Nichts geschah, Aufreiter erhob sich: «Ich werde dir den Prozess machen, Hanna Völz. Weil du eine Hexe bist.Deine Teufelsgesichte wecken das Böse. Jetzt ist ihm die Schwester meiner Frau, Gott hab sie selig, zum Opfer gefallen. Sie wurde umgebracht, weil du finstere Mächte heraufbeschworen hast.»
«Wer sagt das?»
«Da gibt es einige. Zum Beispiel Frederike von Neustett und ihre Eltern, aber auch der Brauerknecht von der Brauerei Goltz. Sie haben mir deine Blicke beschrieben und das, was sie angerichtet haben. Zwei Frauen hast du schon in deiner Gewalt … und lehrst sie jetzt deine Hexenkünste. Dein größter Fang ist ein Deutscher Ritter, du weißt, wen ich meine …»

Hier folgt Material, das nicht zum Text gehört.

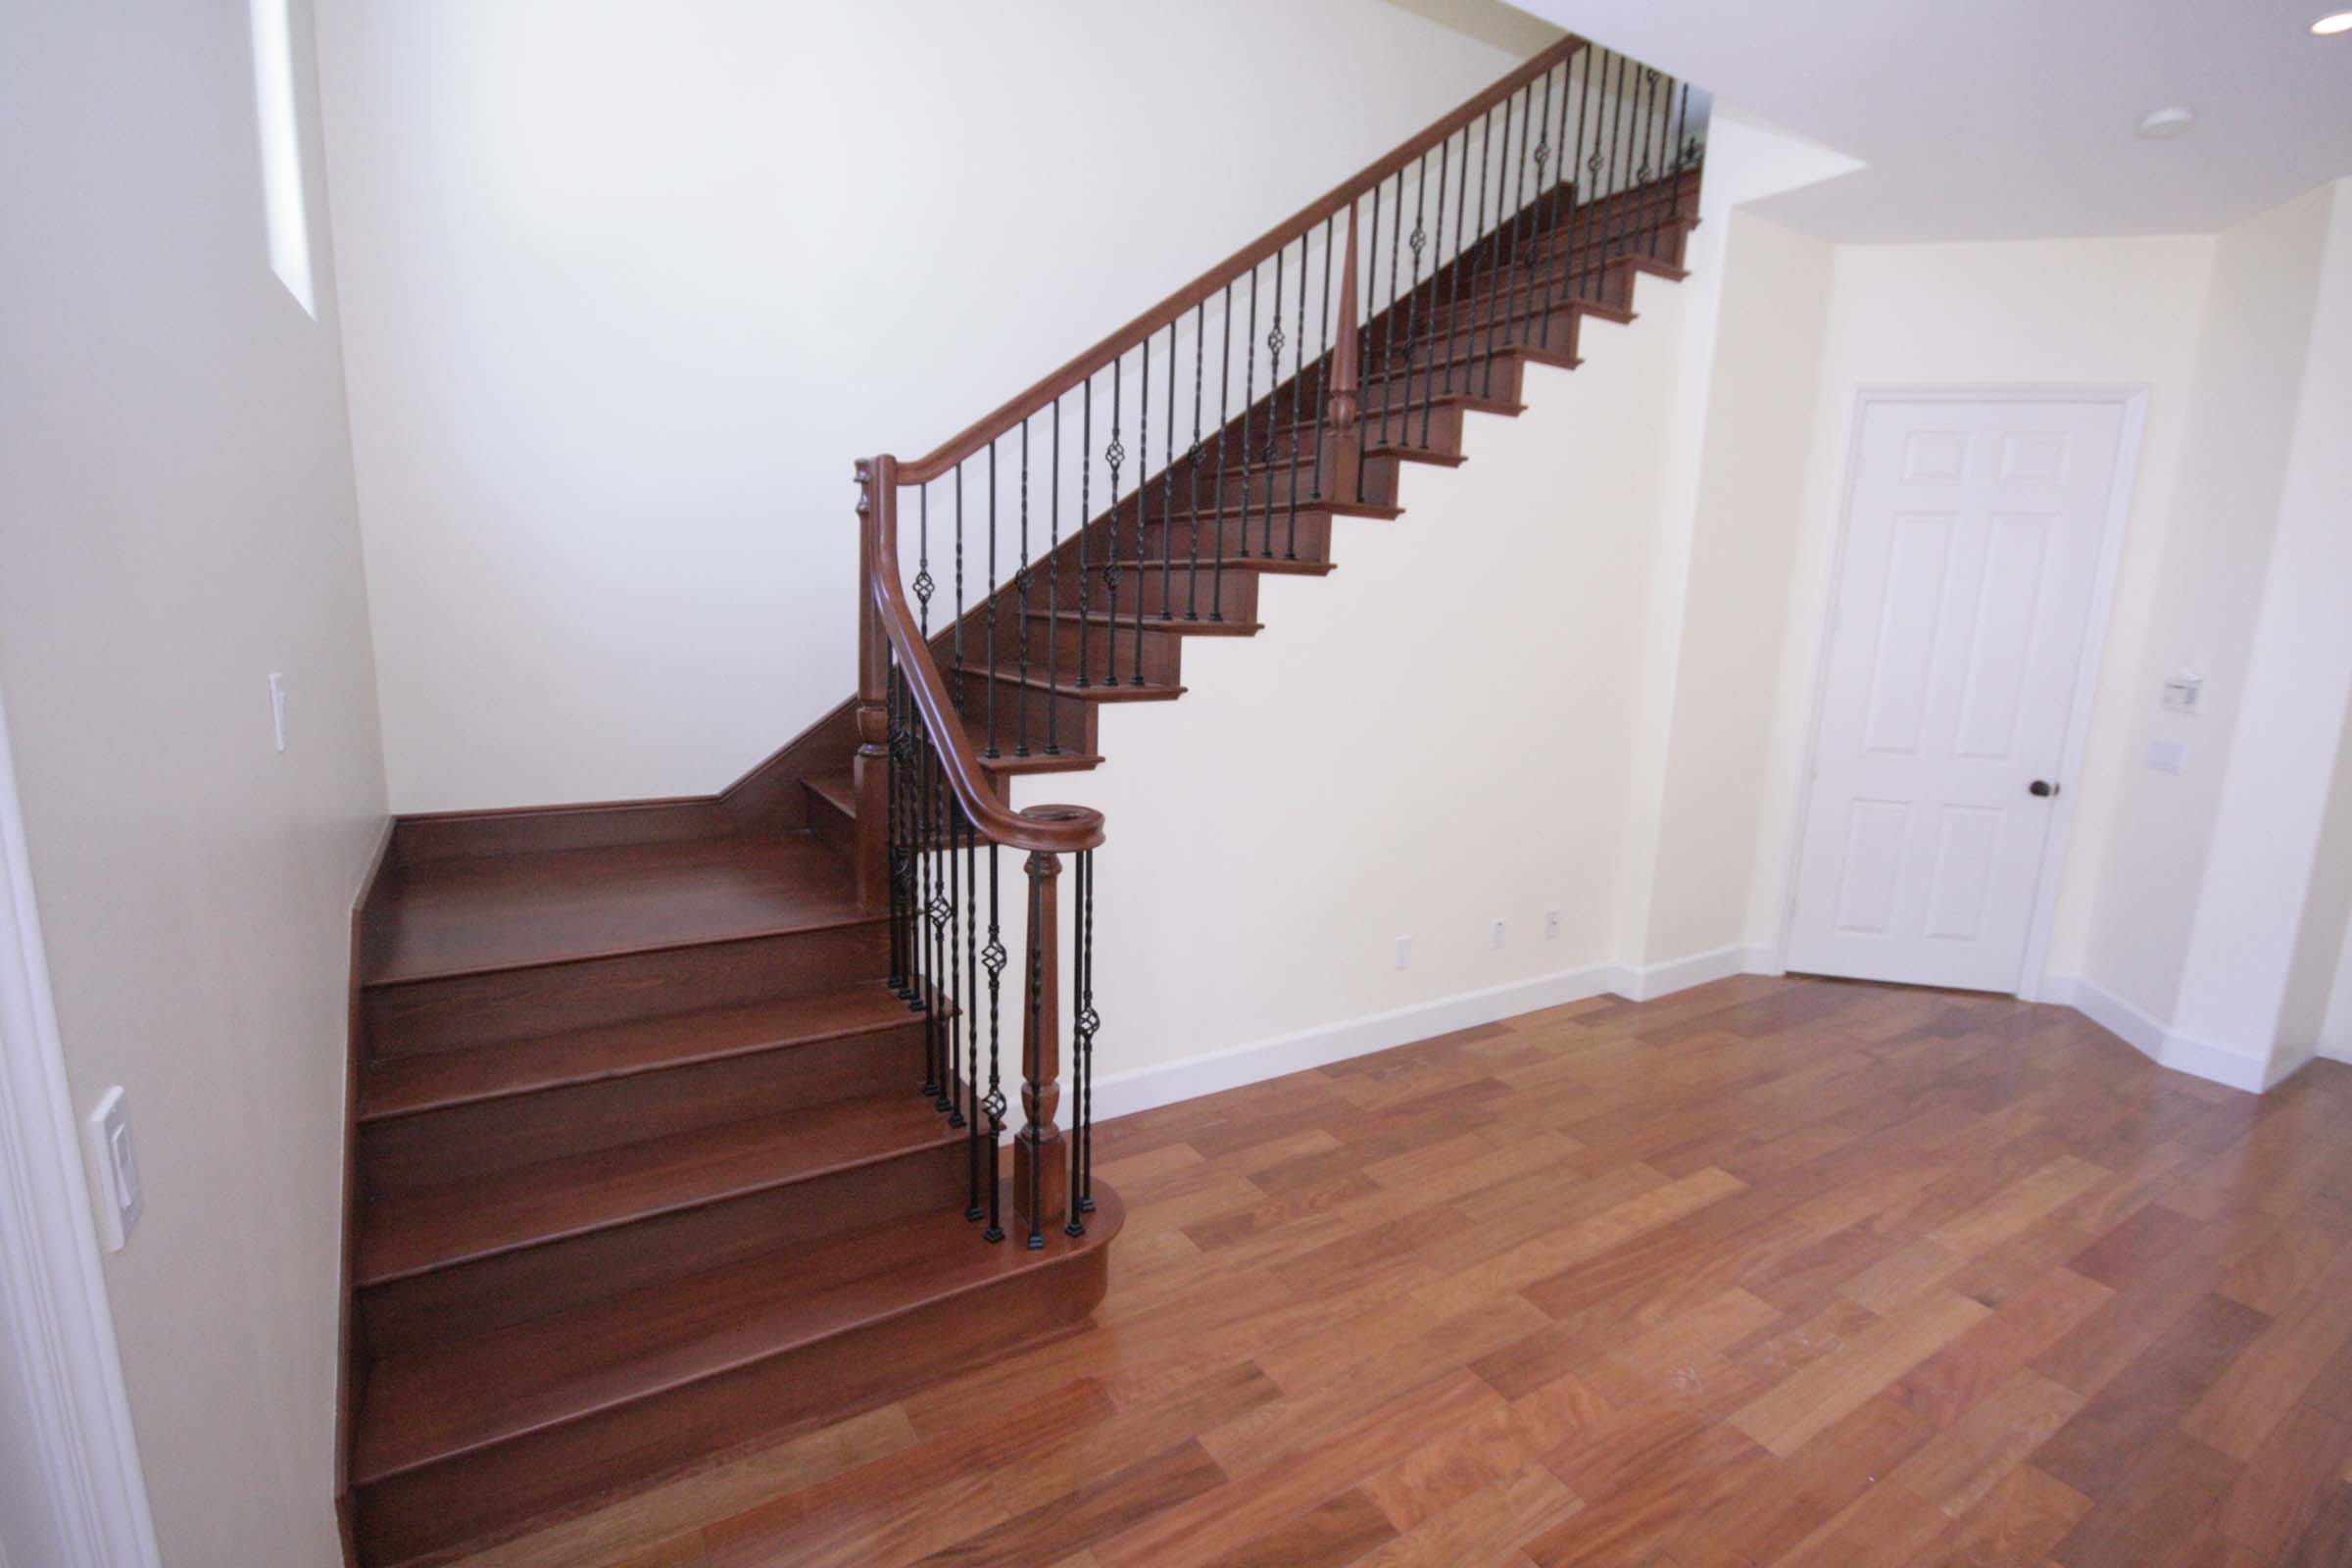 - Santa Luz Stairs

«Hört auf mit Euren Lügen!»
«Lügen?», blaffte Aufreiter zurück. «Wo halb Rothenburg deine hexischen Gesichte bezeugen kann?»
«Die von Euch kommen … Ihr habt den bösen Blick! Ihr habt ihn mir Fastnacht letztes Jahr eingepflanzt. Ihr seid ein Hexer, Jacob Aufreiter!»
«Oh … da bekomme ich aber Angst.» Aufreiter lachte kurz und höhnisch auf. Er rief nach der Eisenmeisterin, die sogleich die Treppe hinaufhastete. «Wenn sie flieht, brennst du mit!» Er stieß sie gegen die Wand, angelte dann in seiner Weste nach einem Geldstück und warf es der Frau zu. «Ich will, dass du gut auf sie aufpasst, verstehst du?»
Krachend flog die Zellentür zu. Die Eisenmeisterin zitterte am ganzen Leib und rührte sich nicht vom Fleck. Erst nach einer Weile löste sie sich aus ihrer Erstarrung.
«Himmel, Hanna Völz. Was hast du ihm getan, dass er dich so hasst?»
«Das frage ich mich auch», wisperte Hanna mit tränenerstickter Stimme.
45
Die einen klatschten, die anderen pfiffen, wieder andere grölten Spottverse über die Truppen des Schwäbischen Bundes. Hanna entging nichts, obwohl sie noch immer in ihrer verriegelten Zelle angekettet war – einer Zelle mit Bett, Tisch, zwei Stühlen, einer Kleidertruhe und einem Waschtisch. Auf dem Tisch stand eine Karaffe Wein mit Gläsern, aber auch eine große Schüssel voller Gebäck. Es duftete nach Weihrauch und Lampenöl, vor einem Bildnis der Muttergottes brannte eine armdicke und hüfthohe Kerze.
Sie hörte ohrenbetäubendes Gelächter aufbranden und kurz darauf, wie Magdalena ins Treppenhaus rief: «Die Stadtbüttel werden gerade abgelöst, hörst du?»
«Ja. Aber nun geht doch nach Haus. Ihr seid schon den ganzen Tag hier, und ich hab doch alles!»
«Erst, wenn Ulrich wieder da ist. Ursula bringt Marie jetzt zurück ins Kloster.»
«Danke, ich liebe euch.»
Stürmisches Händeklatschen ertönte, irgendwer schlug eine Trommel.
«Halt aus, Hanna Völz!»
«Die Haufen der Bauern eilen von Sieg zu Sieg. Bald stehen sie vor Rothenburg.»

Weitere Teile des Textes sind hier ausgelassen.